* Required action *
What you need to produce from the material below is an exact transcription of the lines from the one with "Capecitabine Can Do" through the one with "Yorkville Sound LS800P", both included, and no other line.

* Data *

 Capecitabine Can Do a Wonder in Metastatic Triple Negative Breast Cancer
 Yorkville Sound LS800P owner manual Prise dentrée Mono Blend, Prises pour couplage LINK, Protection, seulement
* * *
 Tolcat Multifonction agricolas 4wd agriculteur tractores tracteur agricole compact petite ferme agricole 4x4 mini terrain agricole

* Result *
 Capecitabine Can Do a Wonder in Metastatic Triple Negative Breast Cancer
 Yorkville Sound LS800P owner manual Prise dentrée Mono Blend, Prises pour couplage LINK, Protection, seulement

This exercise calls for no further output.